*** Exercise data Section Begins ***
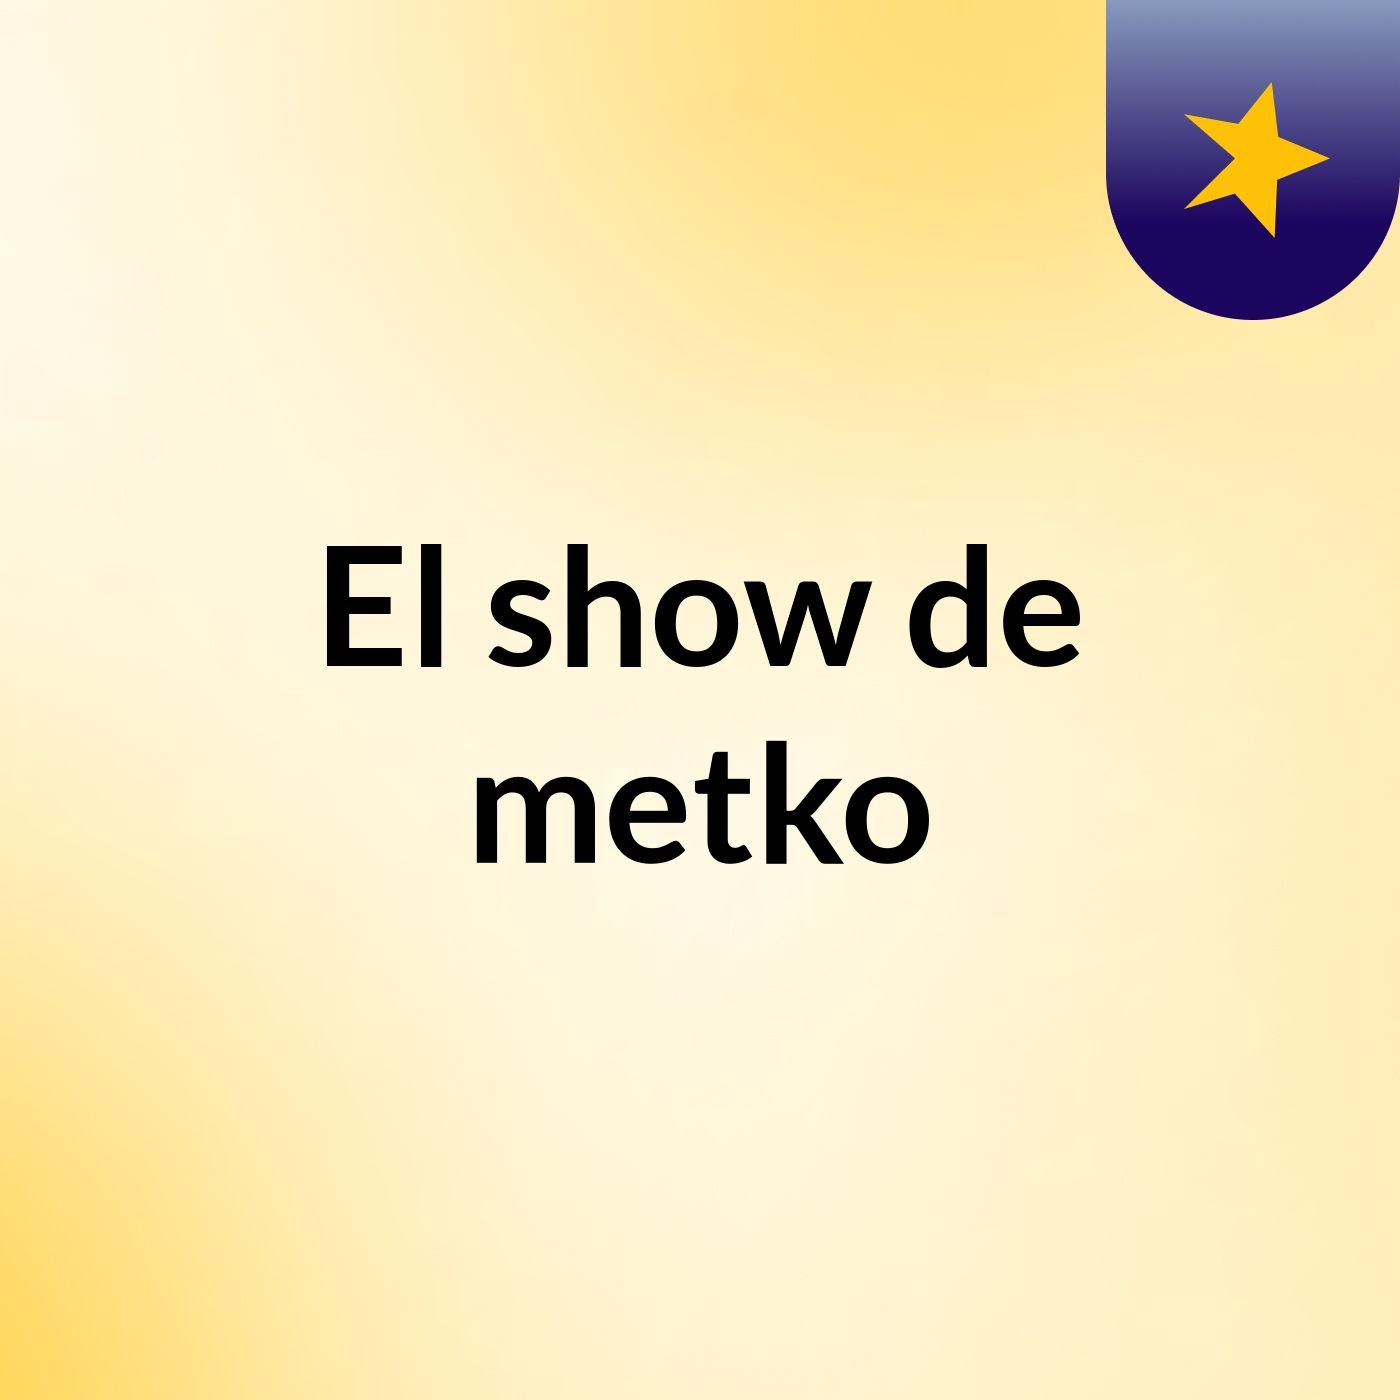 El show de metko
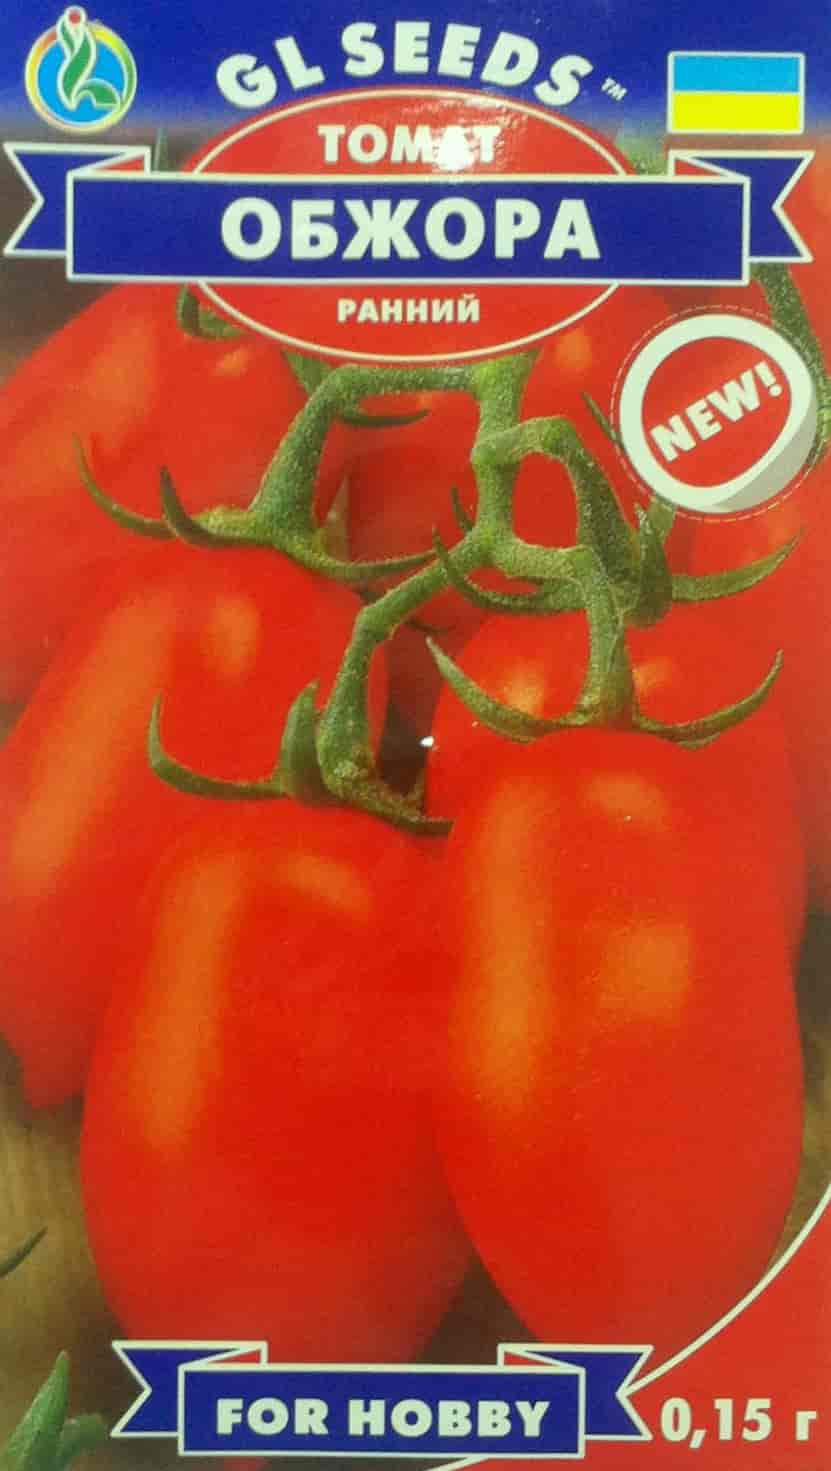 Обжорка помидоры описание сорта фото
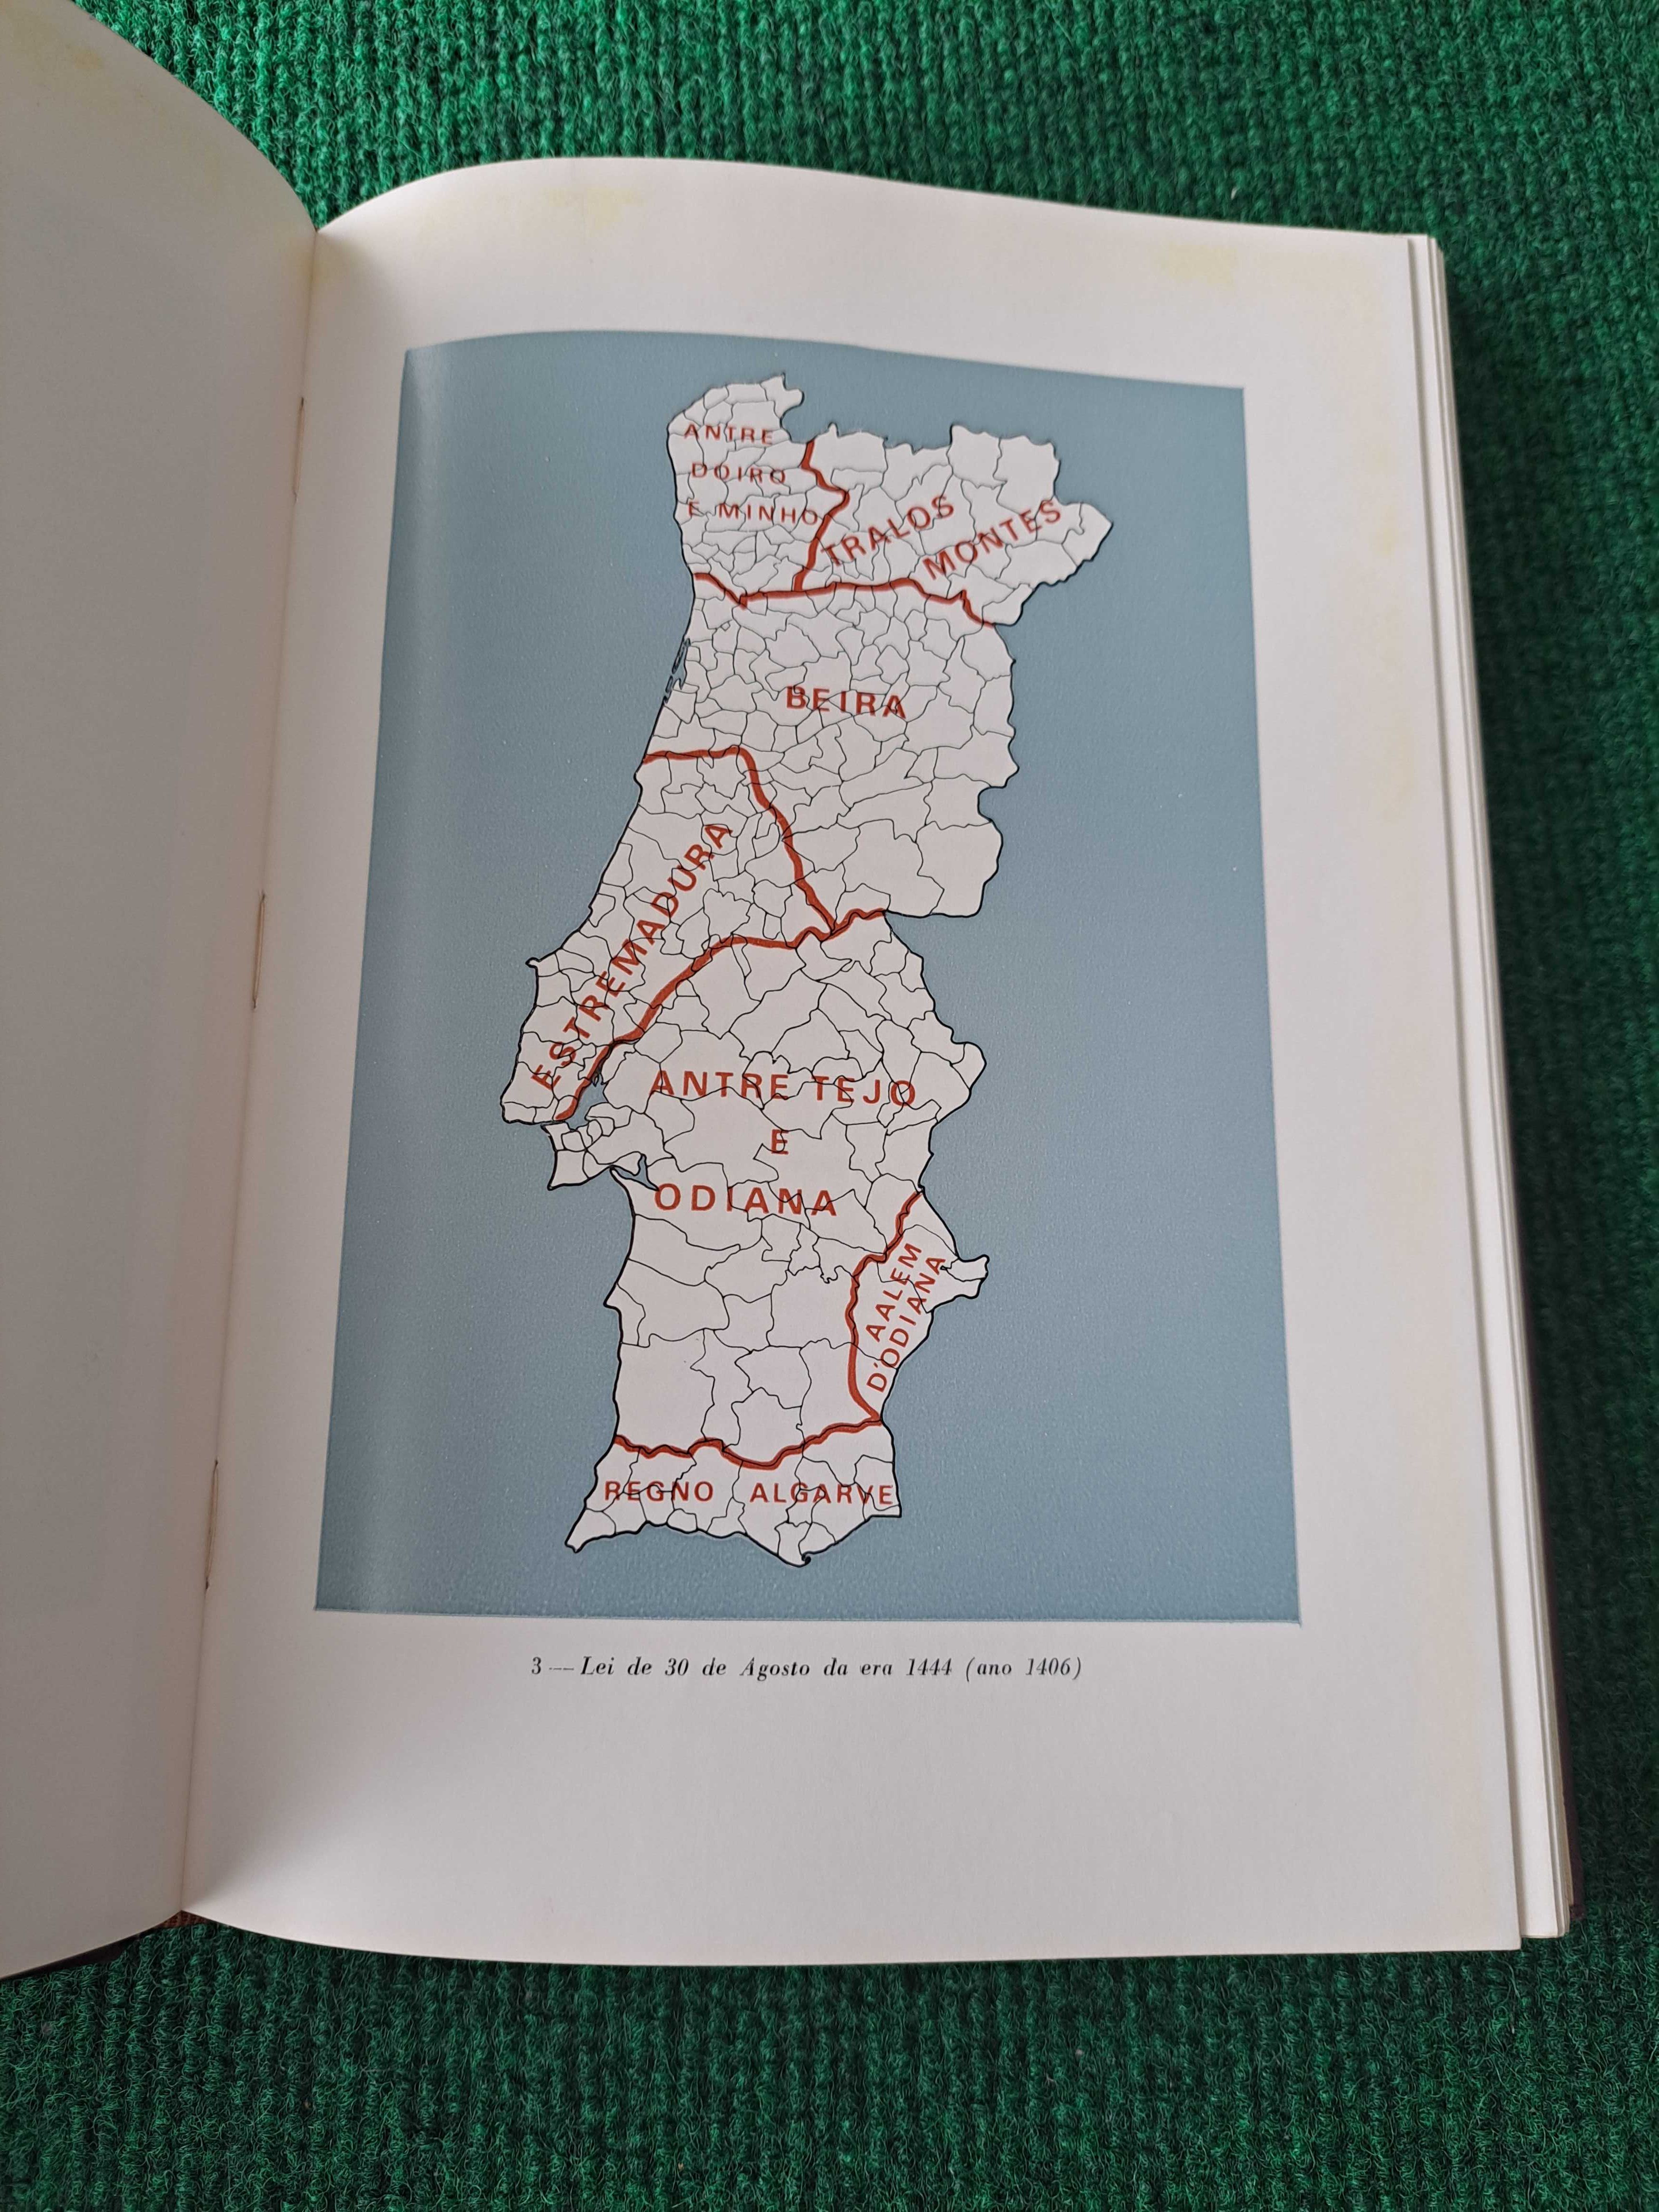 Regiões Homogéneas no Continente Português - C. Caldas / S. Loureiro
*** Exercise data Section Ends ***
What the task requires | Where an image appears in the data, skip it, and return the rest verbatim.

Your response |
 El show de metko
 Обжорка помидоры описание сорта фото
 Regiões Homogéneas no Continente Português - C. Caldas / S. Loureiro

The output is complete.